Governments are not giving up on nuclear fusion making a meaningful contribution to the global decarbonization efforts, despite the technology's obvious challenges.

Last month, for example, the U.K. government pledged £220 million ($283 million) toward getting a fusion power plant up and running by 2040, as part of moves to cut the country’s emissions to net zero by midcentury. 

The funding, covering the first five-year development phase of a spherical tokamak for energy production, “will set us on the path to develop and build a commercially viable fusion power plant by 2040, offering clean, safe and carbon-free fuel supplies,” said a government press statement.

The announcement follows a £22 million funding package to create a fusion energy research facility in Rotherham in north England. A 40-strong team at the facility will carry out research led by the U.K. Atomic Energy Authority in partnership with the University of Sheffield Advanced Manufacturing Research Centre and Britain’s Nuclear Advanced Manufacturing Research Centre, the government reported.

Elsewhere in Europe, the European Investment Bank agreed to a €250 million ($277 million) loan as part of a €500 million investment into an Italian test bed within a program designed to produce safe, clean nuclear fusion energy by 2050.

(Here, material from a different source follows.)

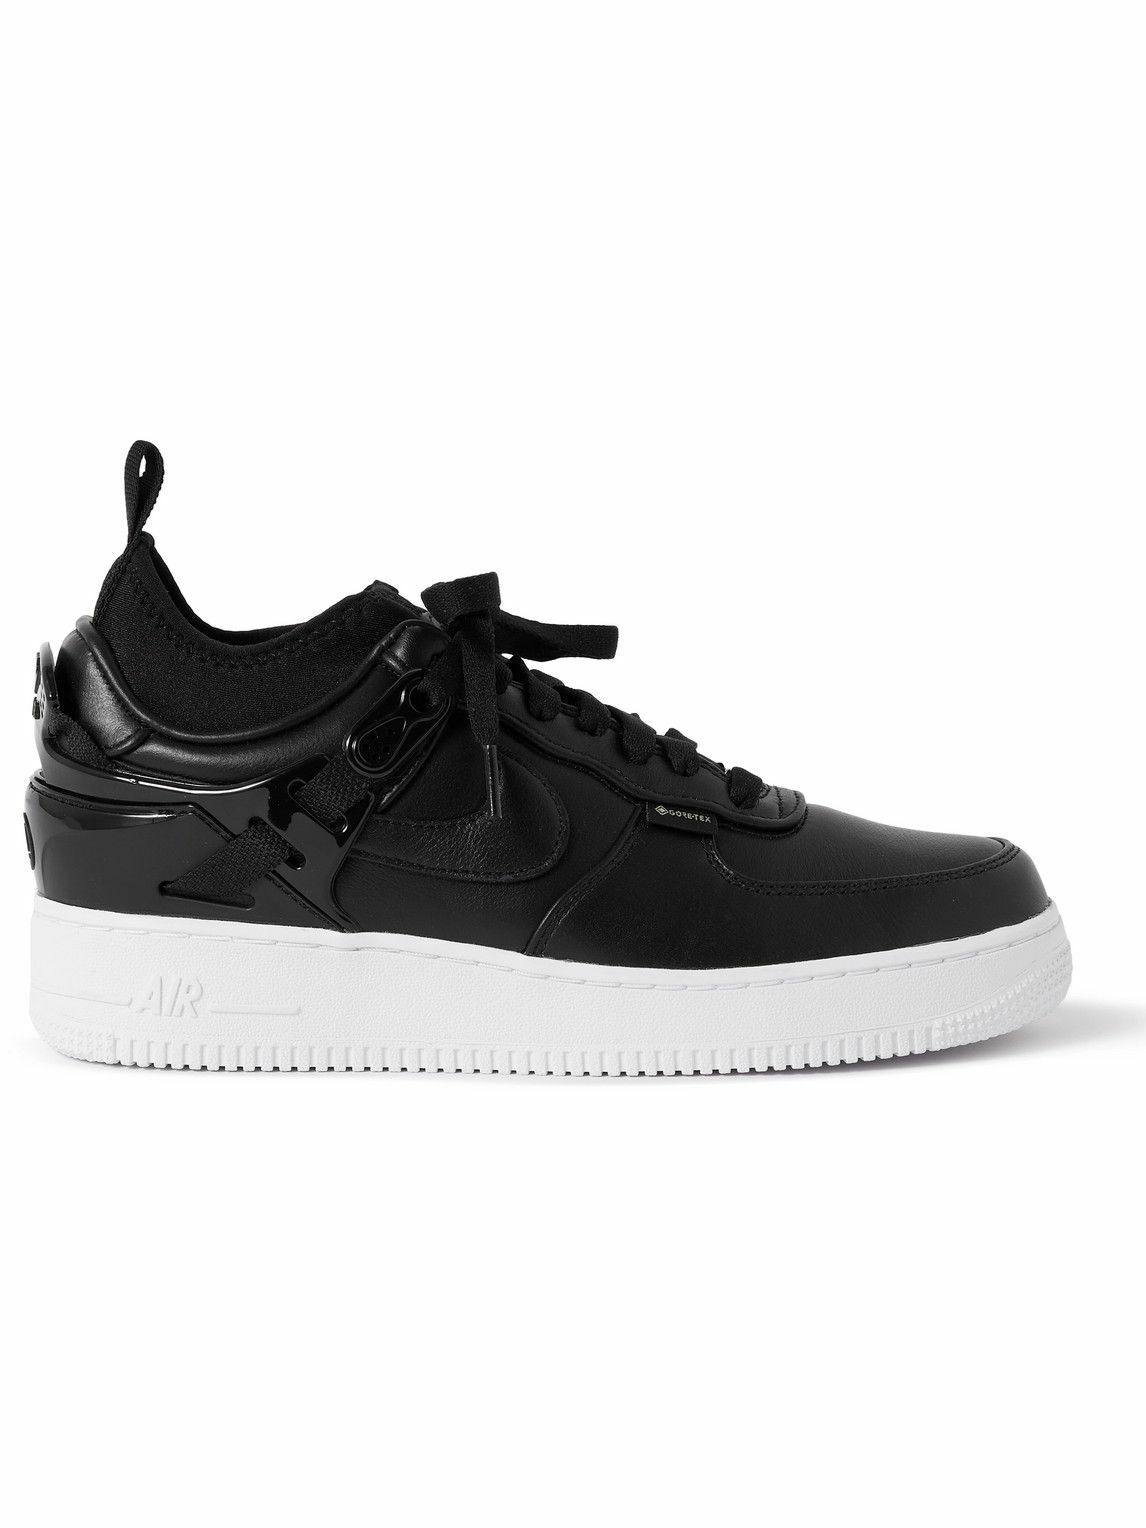 Nike - Undercover Air Force 1 Rubber-Trimmed Leather Sneakers - Black Nike

The Divertor Tokamak Test Facility in Frascati, near Rome, will employ 500 scientists and technicians along with 1,000 other staff, according to the bank.

“If we succeed in making a breakthrough in this technology, it could significantly contribute to our efforts to make Europe the first climate-neutral major economy," said European Commissioner Miguel Arias Cañete in the press statement.

Growing momentum worldwide

Events in Europe reflect growing momentum in fusion research worldwide. This month it emerged that the Los Alamos National Laboratory has preparations “well underway” for a novel fusion concept experiment involving plasma guns in a spherical chamber. GTM has identified at least one private U.S. fusion plant developer that is getting ready to make an announcement in the coming weeks.

China, meanwhile, which is generally viewed as having the most ambitious national nuclear fusion program in the world, is working to get power from an experimental reactor by around 2040.

China has already spent around 6 billion yuan ($893 million) on research and has awarded another 6 billion yuan to start building a reactor five years from now, with around 10 years planned for the construction process, Reuters reported in April.

For now, the most advanced fusion program in the world is ITER (which stands for International Thermonuclear Experimental Reactor), a global research effort funded by the European Union, China, India, Japan, Russia, South Korea and the U.S.

ITER is building the world’s largest tokamak, or plasma confinement chamber, in southern France. ITER’s head of communication, Laban Coblentz, said the organization is due to achieve "first plasma," creating a fusion reaction for a few milliseconds, by December 2025.

“The major milestone for any such device is first plasma,” Coblentz said, adding, “65 percent of the total construction work through first plasma is done. If you look at our monthly completion rate, which is 0.6 percent or 0.7 percent, we’re on track despite the fact that it’s an aggressive schedule.”

It's important to note, however, that this is ITER’s third target for first plasma. The group was originally hoping to achieve the milestone in November 2018. In July 2010, it decided to put the first plasma date back to November 2019. In November 2016, the target was moved again, this time to 2025.

And ITER will never deliver fusion energy to the grid, since the project is purely for research purposes. Commercialization of fusion technology will depend on a demonstration project, imaginatively named DEMO, that will be developed once ITER starts delivering results.

Because of this, said Chris Warrick, communications manager for the the U.K. Atomic Energy Authority, realistically, “commercial power plants are expected to come online in the second half of this century.”

Some argue this will be too late for fusion to make a difference in decarbonizing the energy system, even if it is still worth pursuing as a power source in the long term.

Writing in The Conversation last month, Thomas Nicholas of the Culham Centre for Fusion Energy in Oxfordshire, U.K., said: “The world must reach net-zero greenhouse gas emissions by 2050 in order to limit future warming to 1.5 [degrees] C."

“It’s unlikely that commercial fusion power plants will exist in time for that, and even once a first-of-its-kind DEMO power plant is operational, hundreds would still need to be built to seriously dent global emissions.”